A Guide to Decoding Mode S and ADS-B Signals

# Mode S meteorological services

In the current Mode S design, two message formats are used for aircraft to communicate meteorological conditions. These messages are meteorological routine air report (MRAR) and meteorological hazard report (MHR). In this chapter, we focus on explaining the information contained in these two types of messages.

## Meteorological routine air report (BDS 4,4)

In MRAR messages, information on wind, air temperature, pressure, and humidity is transmitted. The structure of the message is shown in Table 1.1.

Meteorological routine air report (BDS 4,4), MB field
FIELD MSG MB BITS
Figure of merit / source 33–36 1–4 4
Status (for wind) 37 5 1
Wind speed 38–46 6–14 9
Range: [0, 511] knots
LSB: 1 knots
Wind direction 47–55 15–23 9
Range: [0, 360] degrees
LSB: 180/256 degrees
Sign (for temperature) 56 24 1
Static air temperature 57–66 25–34 10
Range: [-128, +128] $$^\circ$$C
LSB: 0.25 $$^\circ$$C
Status (for pressure) 67 35 1
Average static pressure 68–78 36–46 11
Range: [0, 2048] hPa
LSB: 1 hPa
Status (for turbulence) 79 47 1
Turbulence 80–81 48–49 2
Status (for humidity) 82 50 1
Humidity 83–88 51–56 6
Range: [0%, 100%]
LSB: 100/64 %

The first field of the message defined the figure of merit (FOM)/source of the information. The values indicate the following:

• 0: Invalid

• 1: Inertial system (INS)

• 2: Global Navigation Satellite System (GNSS)

• 3: Distance measuring equipment-based navigation (DME/DME)

• 4: Very High Frequency omnidirectional range/distance measuring equipment based navigation (VOR/DME)

• 5–15: Reserved

For static air temperature, the encoded value can be negative. Hence, two’s complement coding (see section [sec:two_complement]) is used for encoding the value. The actual maximum range of temperature is from -80 $$^\circ$$C to +60 $$^\circ$$C.

It is also worth pointing out a discrepancy in the design. The temperature is encoded using 10 bits, where the least significant bit value should have been 0.125$$^\circ$$. However, according to the official document [ICAO 2008], the LSB value is 0.25$$^\circ$$. ICAO is planning to update this to 0.125$$^\circ$$ in the future. However, most current implementations still use 0.25$$^\circ$$.

Figure 1.1 shows the decoding of an MRAR example message.

Try it out Using pyModeS, we can decode information of BDS 4,4 messages as:

import pyModeS as pms

msg = "A0001692185BD5CF400000DFC696"

pms.commb.wind44(msg)   # (22, 344.5)
pms.commb.temp44(msg)   # (-48.75, -24.375)
pms.commb.p44(msg)      # None
pms.commb.hum44(msg)    # None

## Meteorological hazard report (BDS 4,5)

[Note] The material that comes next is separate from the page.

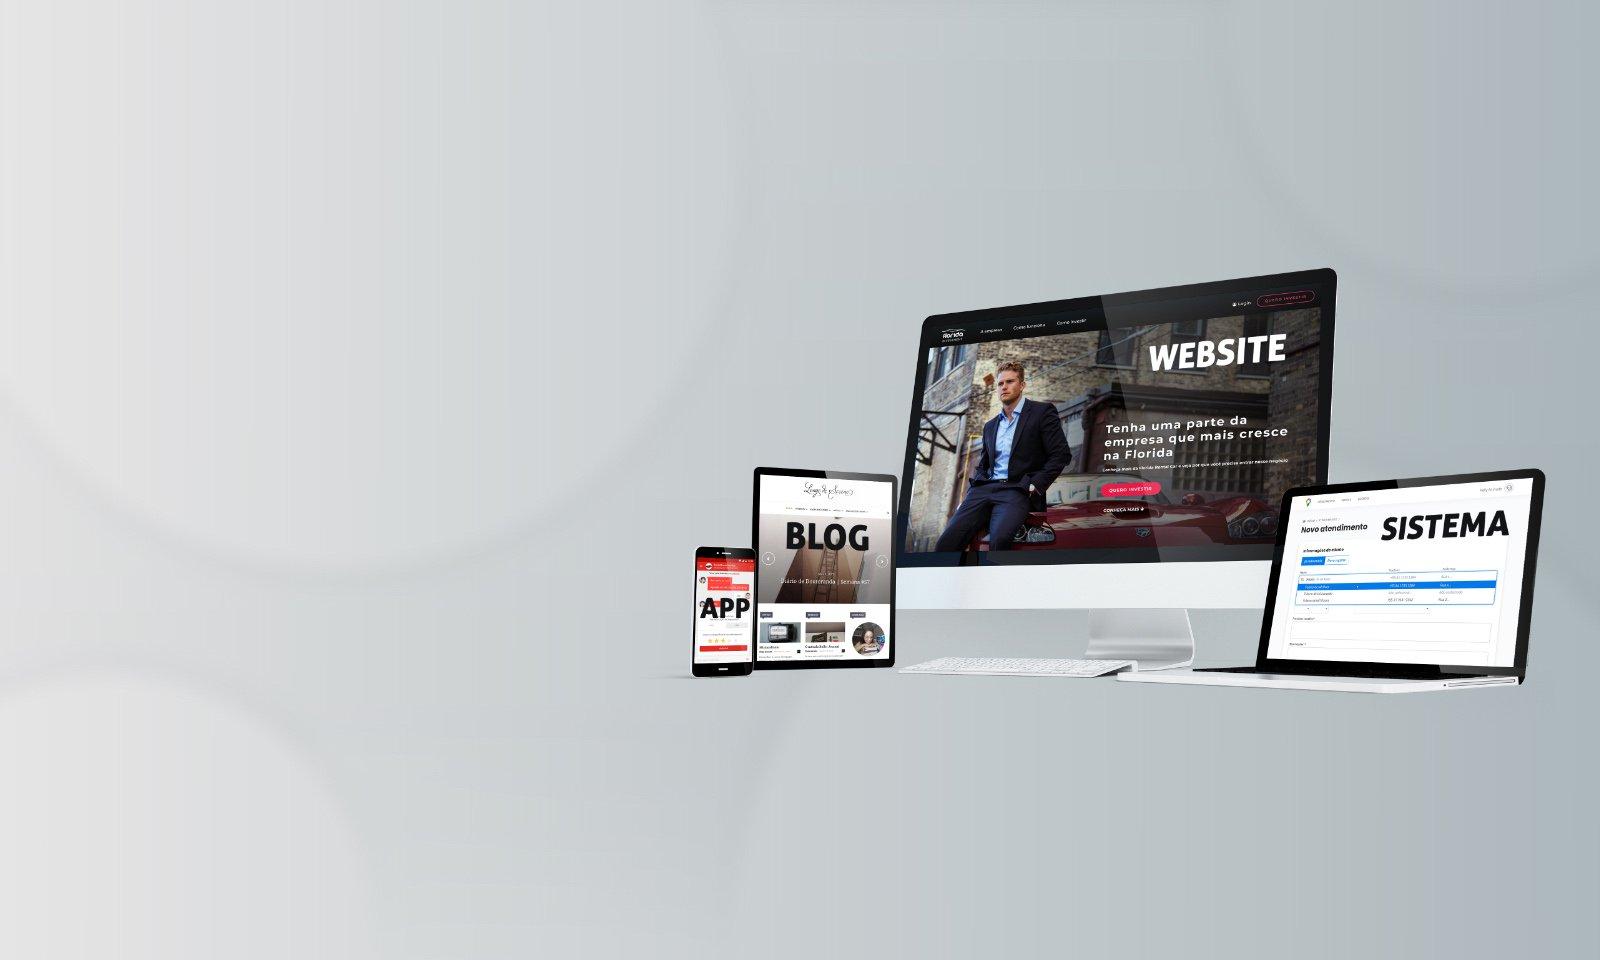 Precisa de um site,<br> sistema ou solução<br>específica? deixe<br> com a gente.

In MHR messages, different hazard condition levels are reported, such as turbulence, wind shear, microburst, icing, and wake vortex. It also includes temperature, pressure, and radio height. Table 1.2 shows the structure of the MHR message.

It is worth noting that during real flights, MHR messages are much rarer than MARA messages. Based on the tests I conducted, whenever MRAR messages are detected, most of the them only contain temperature information.

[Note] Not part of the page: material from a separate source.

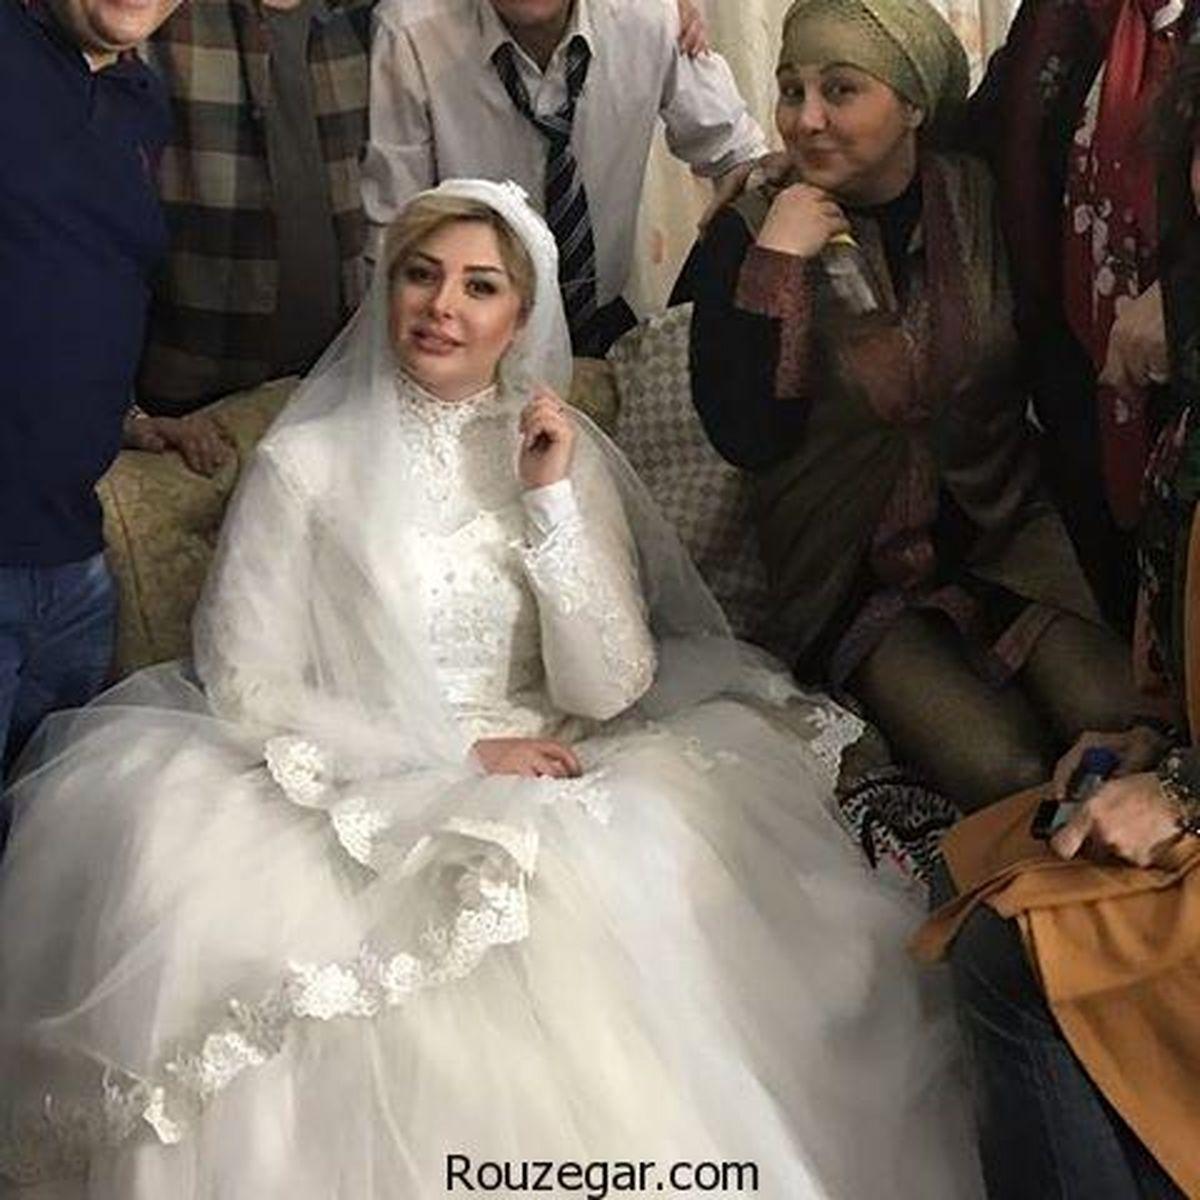 عکس های مراسم ازدواج نیوشا ضیغمی و همسرش لورفت + تصاویر دیده نشده

Meteorological harzard report (BDS 4,5), MB field
FIELD MSG MB BITS
Status (for turbulence) 33 1 1
Turbulence 34–35 2–3 2
Status (for wind shear) 36 4 1
Wind shear 37–38 5–6 2
Status (for microburst) 39 7 1
Microburst 40–41 8–9 2
Status (for icing) 42 10 1
Icing 43–44 11–12 2
Status (for wake vortex) 45 13 1
Wake vortex 46–47 14–15 2
Status (for temperature) 48 16 1
Sign (for temperature) 49 17 1
Static air temperature 50–58 18–26 9
Range: [-128, +128] $$^\circ$$C
LSB: 0.25 $$^\circ$$C
Status (for pressure) 59 27 1
Average static pressure 60–70 28–38 11
Range: [0, 2048] hPa
LSB: 1 hPa
Status (for height) 71 39 1
Range: [0, 65 528] ft
LSB: 16 ft
Reserved 84–88 52–56 5

The levels for turbulence, wind shear, microburst, icing, and wake vortex are encoded as follows:

• 00: NIL

• 01: LIGHT

• 10: MODERATE

• 11: SEVERE

As is the case for MRAR messages, the actual range of the temperature is from -80 $$^\circ$$C to +60 $$^\circ$$C, and it is encoded using the two’s complement coding.

Figure 1.2 shows the decoding of an example message. Note that in this example, only the air temperature information is included. None of the hazard conditions is reported.

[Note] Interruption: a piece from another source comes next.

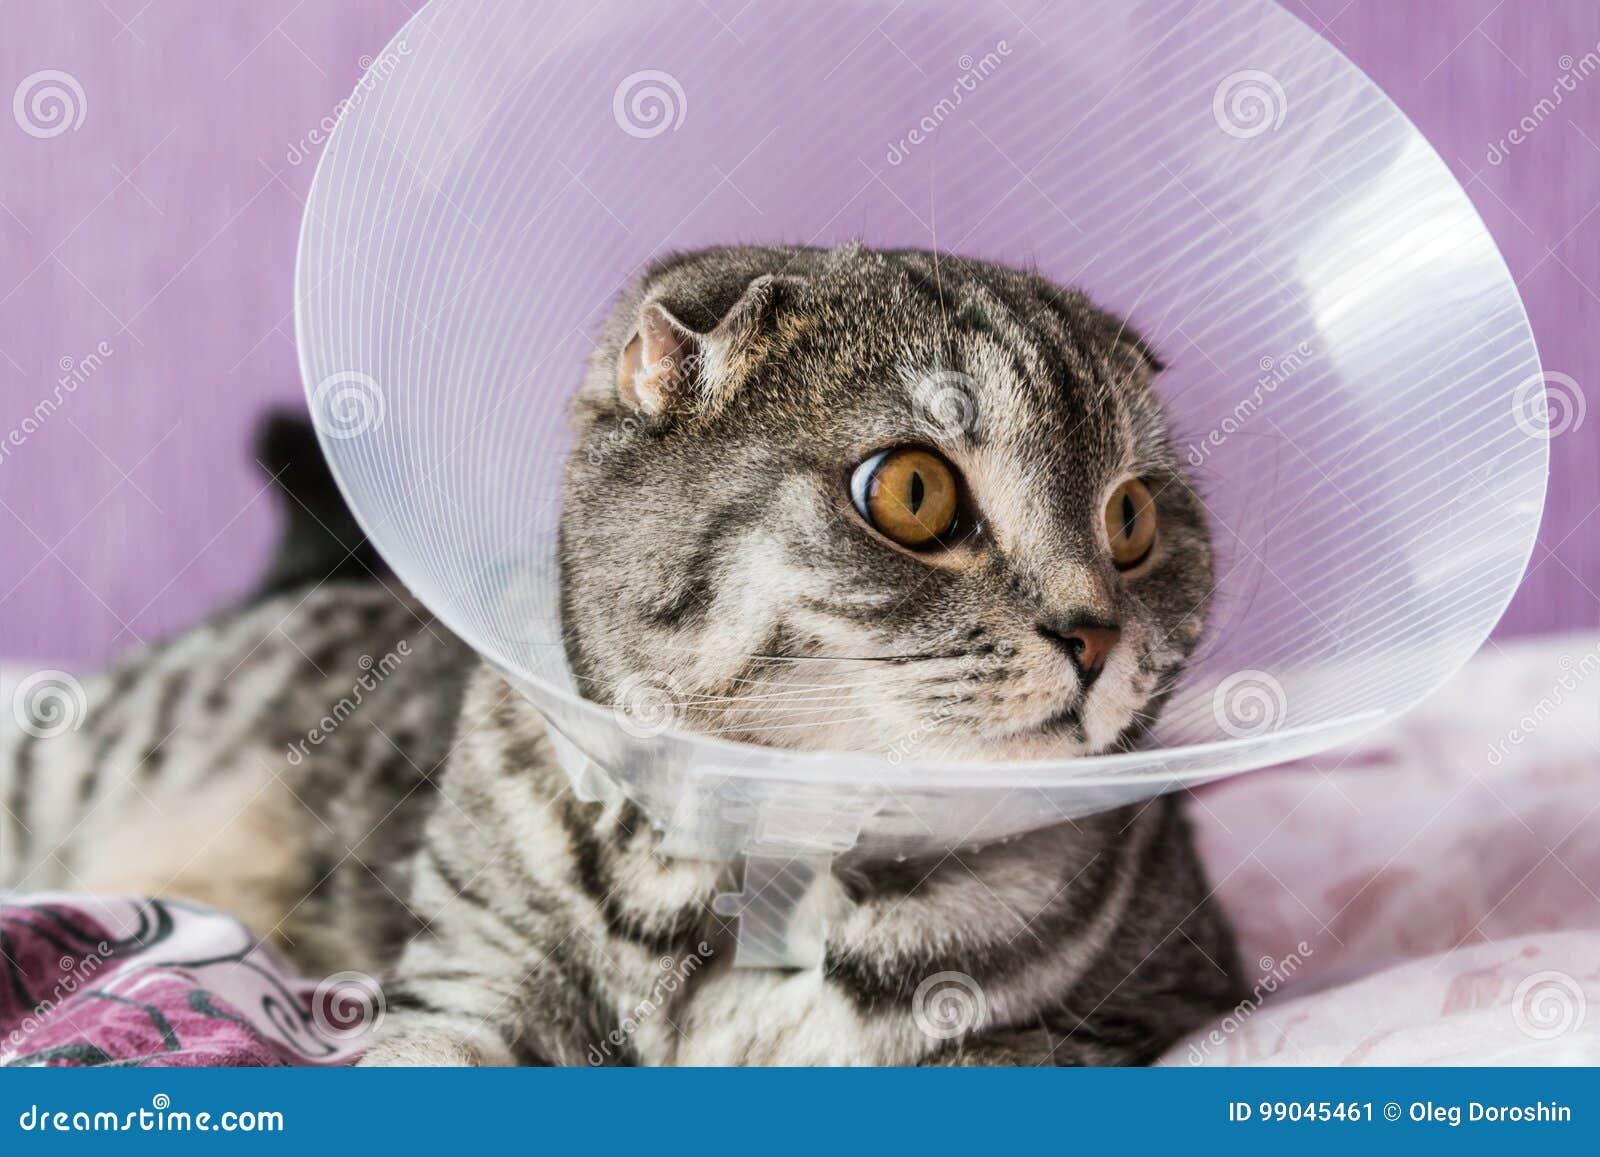 Άρρωστη σκωτσέζικη γάτα σε ένα πλαστικό προστατευτικό περιλαίμιο

Note The availability of BDS 4,4 messages is quite low. Very few aircraft’s transponders have these capabilities enabled. BDS 4,5 messages are even rarer. When such a message is transmitted, it is very common that the information in many fields is not available.

ICAO. 2008. Technical provisions for mode s services and extended squitter. International Civil Aviation Organization.